> Directions for this task:
Each line of the material should be output exactly as shown.

-- Given information follows --

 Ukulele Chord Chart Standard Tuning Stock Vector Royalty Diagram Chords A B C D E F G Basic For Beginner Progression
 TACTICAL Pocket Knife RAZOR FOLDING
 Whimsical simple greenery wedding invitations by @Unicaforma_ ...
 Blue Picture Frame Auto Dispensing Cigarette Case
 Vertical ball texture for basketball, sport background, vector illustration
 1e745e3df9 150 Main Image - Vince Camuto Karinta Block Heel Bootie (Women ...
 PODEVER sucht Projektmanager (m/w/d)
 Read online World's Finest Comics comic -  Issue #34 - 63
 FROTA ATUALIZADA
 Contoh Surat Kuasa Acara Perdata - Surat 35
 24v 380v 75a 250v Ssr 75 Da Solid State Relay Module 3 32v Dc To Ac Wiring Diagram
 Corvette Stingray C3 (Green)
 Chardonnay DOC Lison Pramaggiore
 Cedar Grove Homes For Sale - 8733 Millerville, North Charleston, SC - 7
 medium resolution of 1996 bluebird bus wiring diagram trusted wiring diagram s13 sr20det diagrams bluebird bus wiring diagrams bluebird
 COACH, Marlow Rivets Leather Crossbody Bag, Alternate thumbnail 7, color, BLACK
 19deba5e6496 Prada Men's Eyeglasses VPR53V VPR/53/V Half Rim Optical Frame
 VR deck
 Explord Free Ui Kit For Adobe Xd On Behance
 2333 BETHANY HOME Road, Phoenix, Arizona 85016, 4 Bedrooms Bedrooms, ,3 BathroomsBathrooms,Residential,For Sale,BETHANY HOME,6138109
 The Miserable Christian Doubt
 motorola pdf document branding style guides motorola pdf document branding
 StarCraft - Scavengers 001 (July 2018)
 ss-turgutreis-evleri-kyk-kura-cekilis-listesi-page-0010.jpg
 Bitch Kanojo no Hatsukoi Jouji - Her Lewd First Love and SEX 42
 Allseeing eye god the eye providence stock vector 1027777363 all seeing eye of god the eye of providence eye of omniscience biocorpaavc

-- Given information concluded --

> Exercise response:
 Ukulele Chord Chart Standard Tuning Stock Vector Royalty Diagram Chords A B C D E F G Basic For Beginner Progression
 TACTICAL Pocket Knife RAZOR FOLDING
 Whimsical simple greenery wedding invitations by @Unicaforma_ ...
 Blue Picture Frame Auto Dispensing Cigarette Case
 Vertical ball texture for basketball, sport background, vector illustration
 1e745e3df9 150 Main Image - Vince Camuto Karinta Block Heel Bootie (Women ...
 PODEVER sucht Projektmanager (m/w/d)
 Read online World's Finest Comics comic -  Issue #34 - 63
 FROTA ATUALIZADA
 Contoh Surat Kuasa Acara Perdata - Surat 35
 24v 380v 75a 250v Ssr 75 Da Solid State Relay Module 3 32v Dc To Ac Wiring Diagram
 Corvette Stingray C3 (Green)
 Chardonnay DOC Lison Pramaggiore
 Cedar Grove Homes For Sale - 8733 Millerville, North Charleston, SC - 7
 medium resolution of 1996 bluebird bus wiring diagram trusted wiring diagram s13 sr20det diagrams bluebird bus wiring diagrams bluebird
 COACH, Marlow Rivets Leather Crossbody Bag, Alternate thumbnail 7, color, BLACK
 19deba5e6496 Prada Men's Eyeglasses VPR53V VPR/53/V Half Rim Optical Frame
 VR deck
 Explord Free Ui Kit For Adobe Xd On Behance
 2333 BETHANY HOME Road, Phoenix, Arizona 85016, 4 Bedrooms Bedrooms, ,3 BathroomsBathrooms,Residential,For Sale,BETHANY HOME,6138109
 The Miserable Christian Doubt
 motorola pdf document branding style guides motorola pdf document branding
 StarCraft - Scavengers 001 (July 2018)
 ss-turgutreis-evleri-kyk-kura-cekilis-listesi-page-0010.jpg
 Bitch Kanojo no Hatsukoi Jouji - Her Lewd First Love and SEX 42
 Allseeing eye god the eye providence stock vector 1027777363 all seeing eye of god the eye of providence eye of omniscience biocorpaavc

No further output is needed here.